For Indigenous people and communities, these aren’t hypothetical questions and this isn’t a shocking discovery. Their accounts of racism and abuse at residential schools have fallen on deaf ears for years despite an estimate of children’s deaths being included in the Truth & Reconciliation Commission of Canada’s Final Report published in 2015. For Indigenous people and communities, these aren’t 1308 forgotten individuals. These are beloved children who never made it back home.

As a non-Indigenous person living in Canada, I’m committed to learning about the residential school system and its legacy of intergenerational trauma even when it’s no longer headline news. I’m committed to listening to Indigenous activists and leaders especially when they criticize settlers, Christians, and the Church, and call on us to take action and responsibility for historical and ongoing racism and white supremacy culture. I’m committed to not judging or policing how Indigenous people express their grief over what is truly cultural genocide.

Finally, I’m committed to imagining a world where God’s justice flows and #EveryChildMatters.

God of justice,

Help us walk, protest, cry, and pray with our Indigenous siblings in their trauma and grief. 

Help us listen to Indigenous people and then, when we think we understand, help us to listen some more.

Help us be the church we say we are. Help us be your Love in the world.

Amen.


Awit Marcelino was born and raised in Winnipeg, MB and was active in her home congregation, Broadway Disciples United Church as a youth and young adult.

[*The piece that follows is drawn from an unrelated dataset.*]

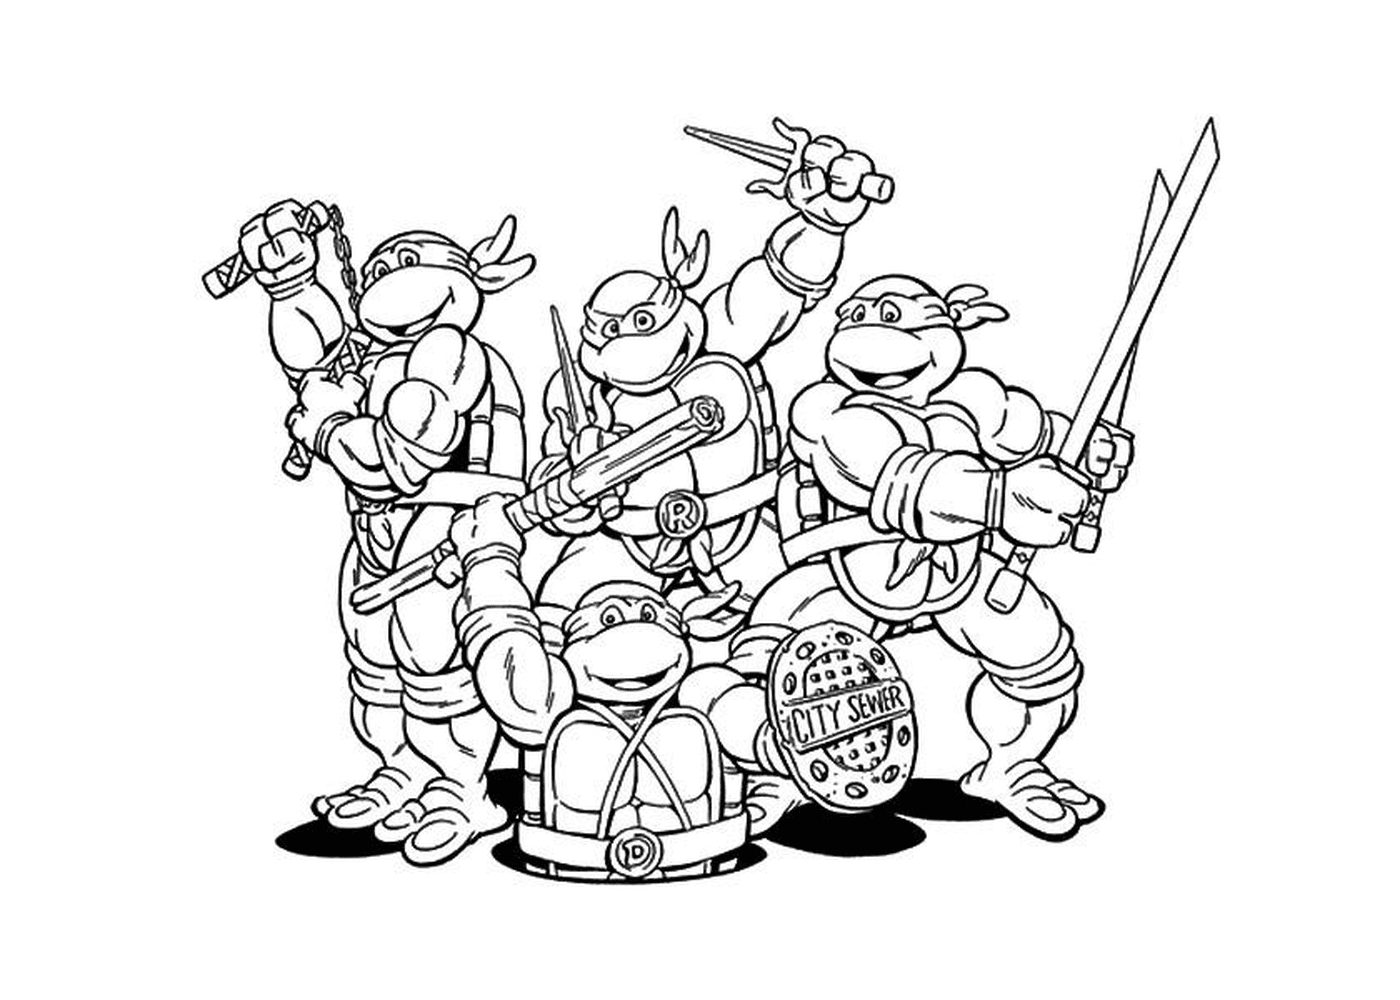   Groupe de tortues ninjas unies

She is the pastor of Sugarbush Christian Church an open and affirming congregation based out of Guelph, ON (and Zoom) and is one of the co-pastors at St. Thomas Christian Church in St. Thomas, ON. In her spare time, she co-leads Open Table, an online Bible study for young adults of colour and she watches legal dramas, Korean dramas, and home reno shows. Awit and her partner live in London, Ontario.